It seems ok in principle - we would just need to ensure that it is watertight.


We currently use chunk_sectors for quite some different things, most notably zones boundaries, NIOIB, raid stripes etc.
So I don't have an issue adding another use-case for it.

Q2: If we don't, shouldn't we align the atomic write boundary to the chunk_sectors setting to ensure both match up?

Yeah, right. But we can only handle what HW tells.

The atomic write boundary is only relevant to NVMe. NVMe NOIOB - which we use to set chunk_sectors - is an IO optimization hint, AFAIK. However the atomic write boundary is a hard limit. So if NOIOB is not aligned with the atomic write boundary - which seems unlikely - then the atomic write boundary takes priority.

Which is what I said; we need to check. And I would treat a NOIOB value not aligned to the atomic write boundary as an error.

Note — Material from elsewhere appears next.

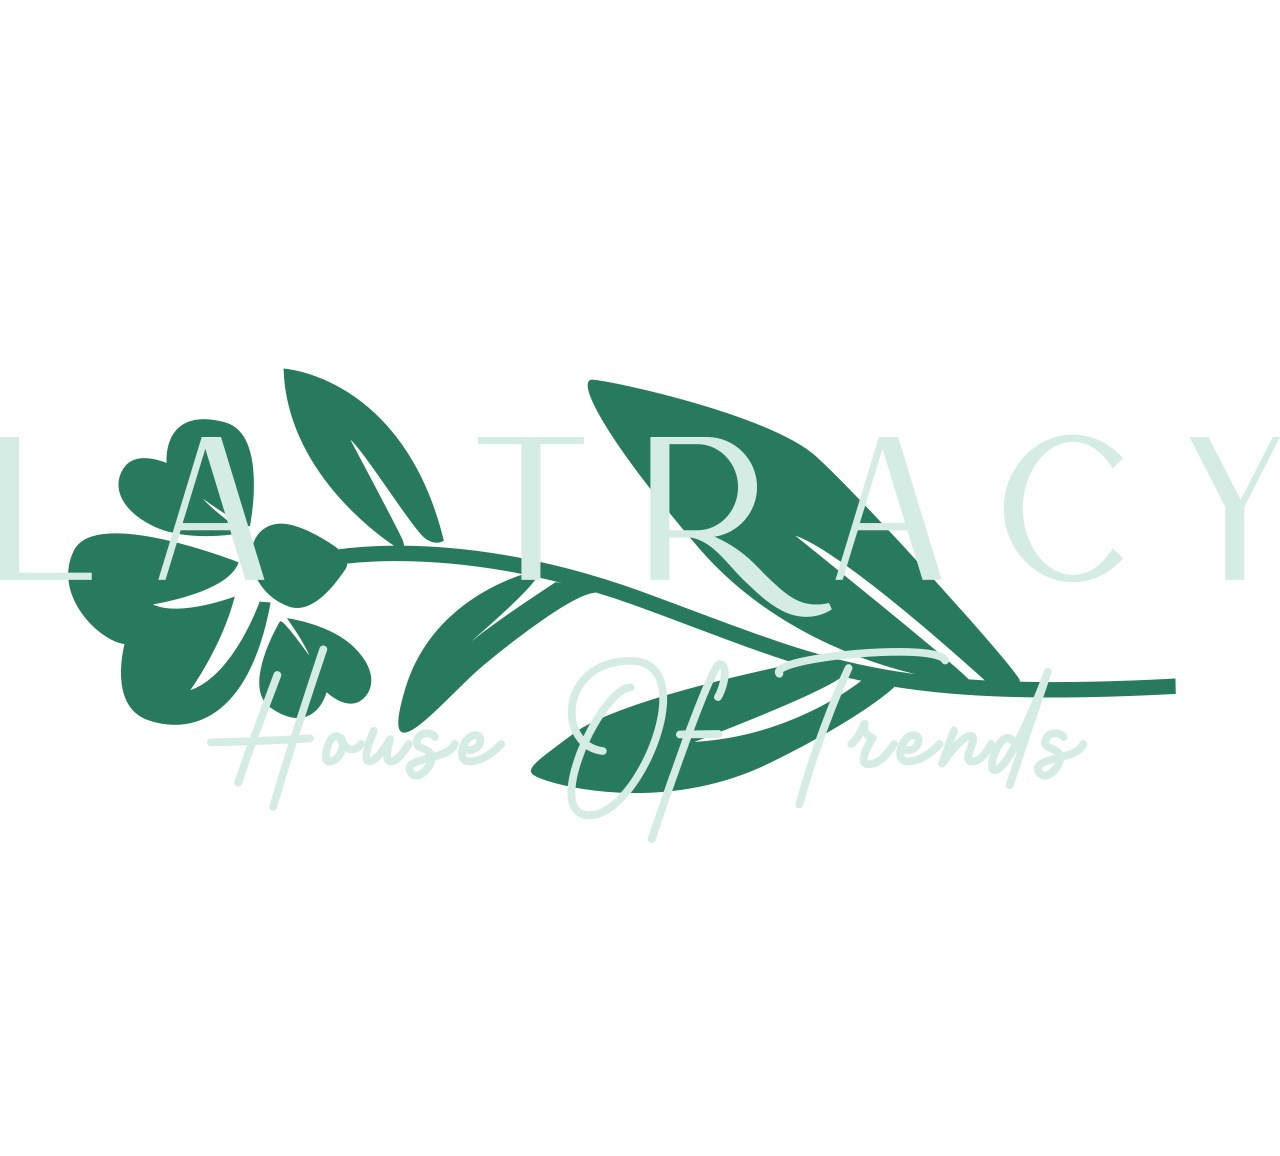 La Tracy's logo

Yeah, maybe we can reject that in blk_validate_limits(), by error'ing or disabling atomic writes there.


But the real issue here is that the atomic write boundary only matters
for requests, and not for the entire queue.
So using chunk_sectors is out of question as this would affect all requests, and my comment was actually wrong.
I'll retract it.

I think that some of the logic could be re-used. rq_straddles_atomic_write_boundary() is checked in merging of reqs/bios (to see if the resultant req straddles a boundary).

So instead of saying: "will the resultant req straddle a boundary", re-using path like blk_rq_get_max_sectors() -> blk_chunk_sectors_left(), we check "is there space within the boundary limit to add this req/bio". We need to take care of front and back merges, though.